You’ve heard of RILAs, Now Meet FILAs

F&G, a leading issuer of fixed indexed annuities (FIAs), has launched an FIA that gives contract owners the option to reach for higher gains without losing principal protection. They call it a FILA, or fixed index-linked annuity.

High-end sneakers and fashionable sportswear—that’s what FILA means to pro soccer players and armies of amateur athletes. In the financial world, FILA now has a new meaning: a Fixed Index-Linked Annuity.

You can thank F&G, the life insurance subsidiary of FNF for coining a new acronym for a new product niche. A FILA is a bit like a registered index-linked annuity (RILA). But RILAs are registered securities, and FILAs are insurance products that insurance agents can sell.

The new contract, called Dynamic Accumulator, has just been issued by F&G (whose corporate DNA traces back to US Fidelity & Guaranty Life as well as Old Mutual. F&G’s CEO is Chris Blunt, a former group president at New York Life.)

The contract, which should help differentiate F&G in the crowded FIA marketplace, is built on a fixed indexed annuity chassis. But on any given contract anniversary, contract owners who have already booked gains can then switch to a RILA-type crediting strategy that offers more upside potential than the FIA crediting.

How can the contract owner put his whole account–principal and gains–at risk without risking any loss of principal? Because his losses are stopped at a floor that ensures that his losses in a given year will never exceed his previous gains. The floor of the account protects the principal. If a person loses all of his gains in a given year while using the crediting method with the floor, he has to go back to the FIA. He can’t go back to the negative floor method until he has gains again. This product, I’m told, is unprecedented, at least among annuities, if not structured products. 

Since principal is never at risk, F&G can file the product as an FIA and insurance agents can sell it, said Ron Barrett, senior vice president at F&G, in an interview. So far Dynamic Accumulator offers only the S&P 500 Price Index (i.e., the S&P 500 Index without dividends) as its only indexing option.

Ron Barrett

“We are constantly soliciting feedback from distributors, and we asked them, What are investors’ unmet needs? That helped us formulate the FILA concept, which provides a unique blend of upside opportunity in the equity market and principal protection,” Barrett told RIJ.

“Having that principal protection makes the contract a safe place to be without the owner having to give up control or flexibility. The client and the adviser have the ability to adjust their risk exposure without completely jumping out of the product. What we heard was, ‘I want to be able to dial my risk up or down, depending on need at that time. That’s the unmet need.’”

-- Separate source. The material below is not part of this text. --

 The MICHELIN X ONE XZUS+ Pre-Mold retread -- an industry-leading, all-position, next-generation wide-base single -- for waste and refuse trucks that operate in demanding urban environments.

Fidelity & Guaranty Life was listed as the fifth biggest seller of fixed indexed annuities in the US for 2020, with sales of $3.46 billion and a 6% market share. Athene led the field, followed by Allianz Life, AIG, and Sammons. Its FG AccumulatorPlus 10 contract ranked seventh in overall sales in 2020.

F&G is one of several index-linked annuity issuers with varying current or past connections with a major asset manager. Athene is tied to Apollo and Global Atlantic to KKR. Todd Boehly, former president of Guggenheim Partners, is CEO of Eldridge Industries, the holding company that owns Security Benefit. F&G has close ties to Blackstone; Blunt was CEO of Blackstone Insurance Solutions before he became CEO of F&G. (See RIJ story).

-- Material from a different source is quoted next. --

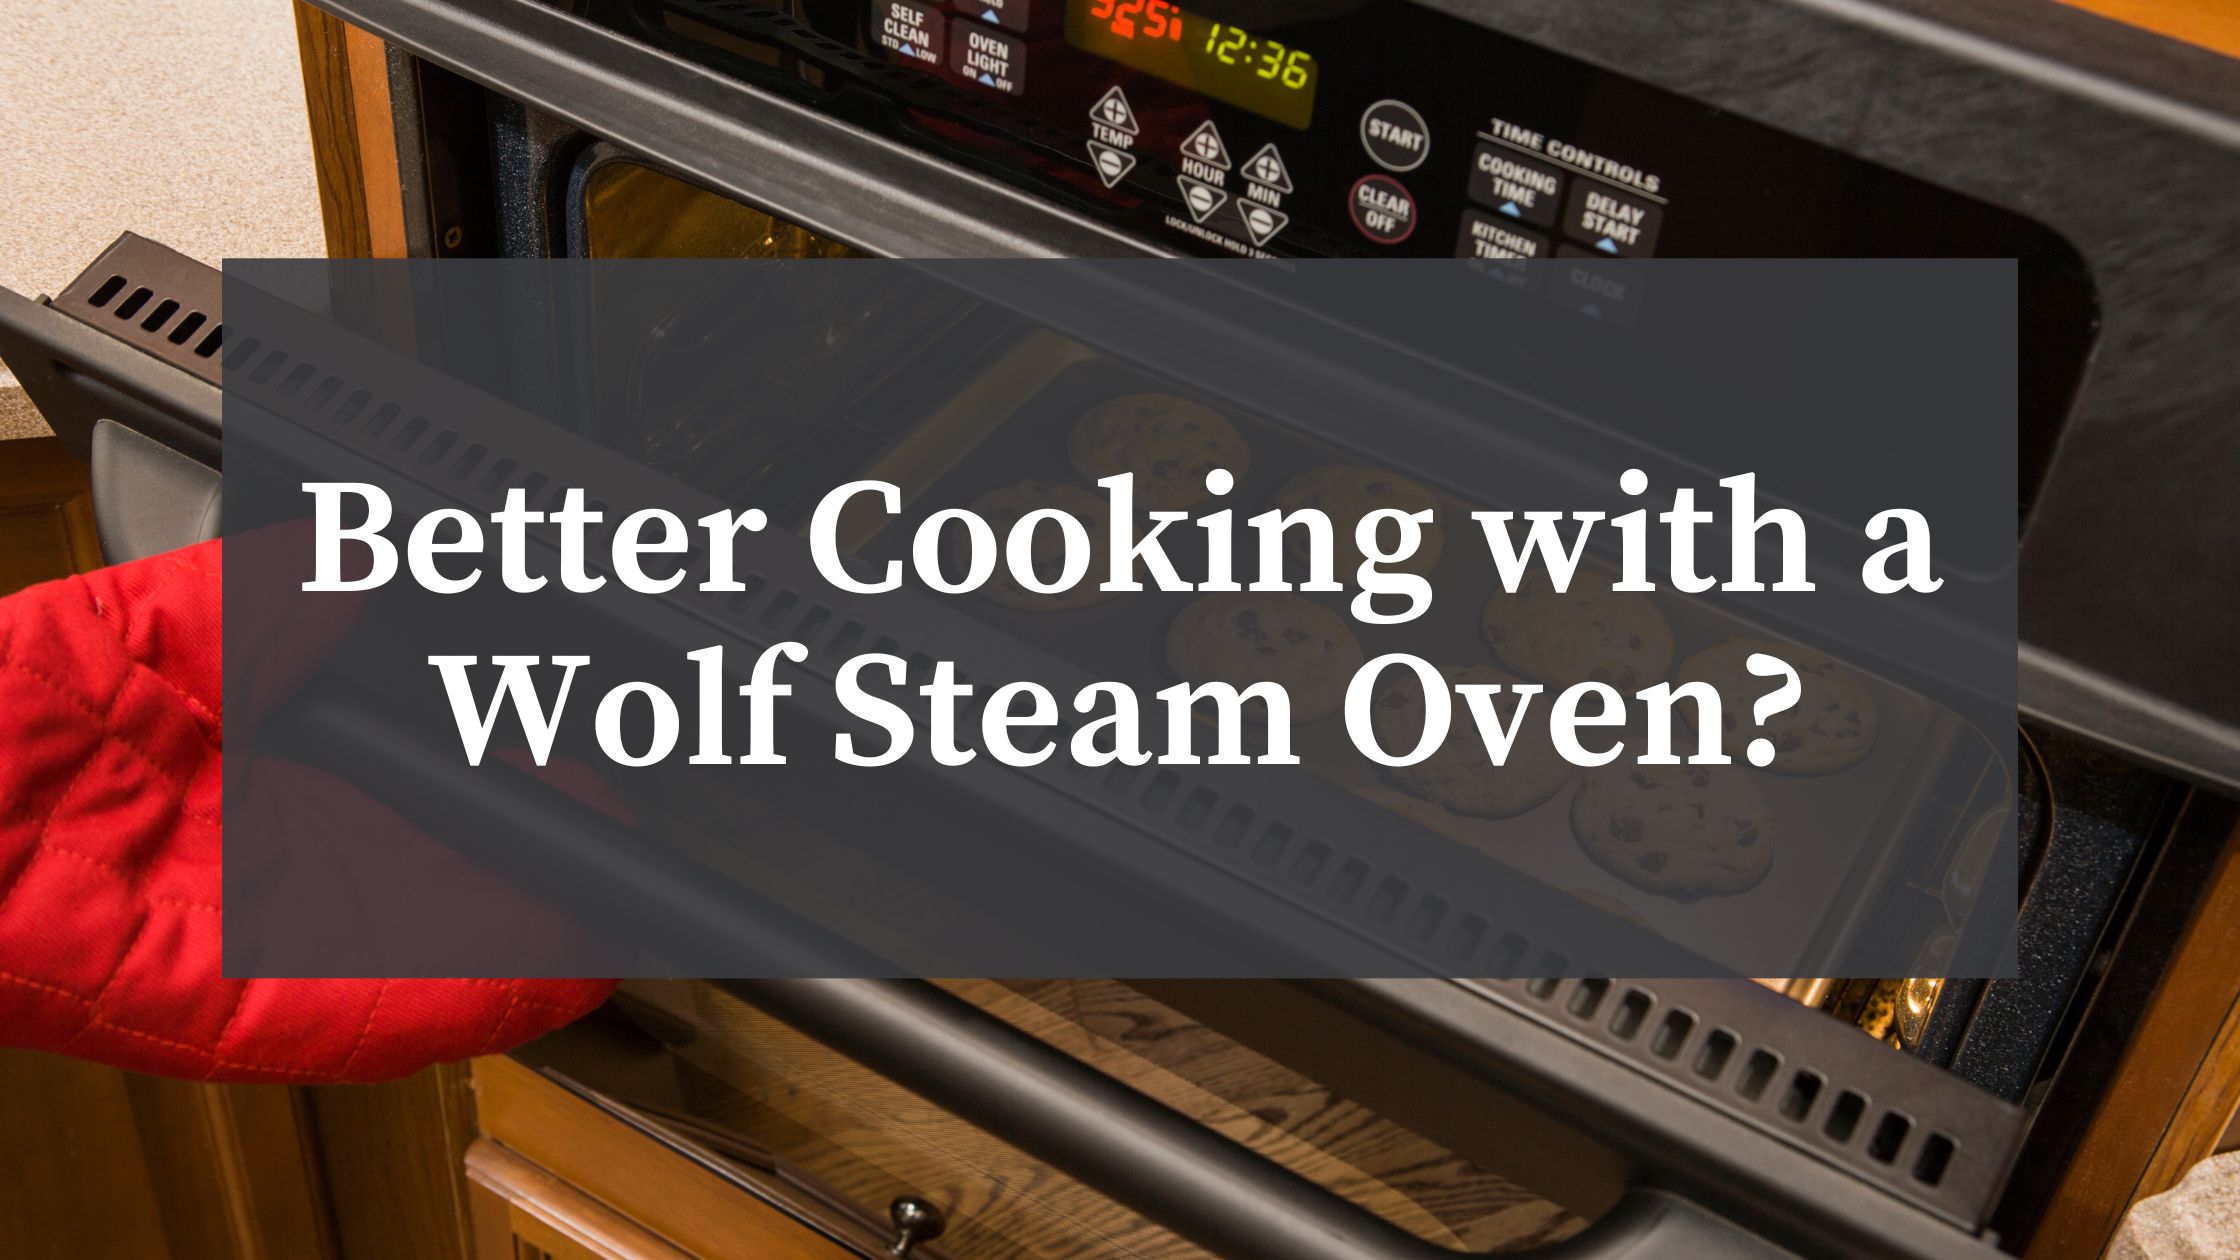 https://blog.athertonappliance.com/wp-content/uploads/2023/05/Better-Cooking-with-a-Wolf-Steam-Oven-Atherton.jpg

F&G has put out a product sheet describing exactly how the Dynamic Accumulator works. The less protection, the higher the cap or participation rate on the S&P 500. In F&G’s hypothetical example, there’s a 4% cap on the 0% floor, a 5.25% cap on the minus-2.5% floor, a 7.5% cap on the minus-5% floor and a 10% cap on the minus-10% floor. (Notice that this product can offer only floors, not downside “buffers,” because the contract owner can only afford to lose an amount equal or less than the gains he puts at risk. There’s a vesting schedule for gains, starting at 90% in the first contract year and reaching 100% in the seventh year.

Once you’ve tried a structured account (with a floor below 0%), lose your gains, and retreat to the FIA crediting method,  you must wait until you have gains to return to a higher-yielding structured account. As long as you have gains, you can change the amount of gains you want to risk–zero, if you choose–at beginning of each new contract year.   

“The client is allowed to allocate between the two structured account options annually (cap or participation strategy). Within the structured account strategies, the client can dial up or dial down their tracks based on the index gains available. Once the client chooses the fixed option, they lock in previous vested gains until the end of the contract to term,” Barrett told RIJ.

Note that this contract has one-year point to point crediting periods. The investor locks in index gains, if any, at contract anniversaries. The contract term is 10 years, which means the investor can take out only 10% of the account value (including vested gains) each year penalty-free.

The asset management partners of FIA issuers prize these long-dated liabilities, which give them enough time to invest the underlying funds in relatively illiquid, relatively high-yielding senior tranches of collateralized loan obligations (CLOs) and other alternative assets.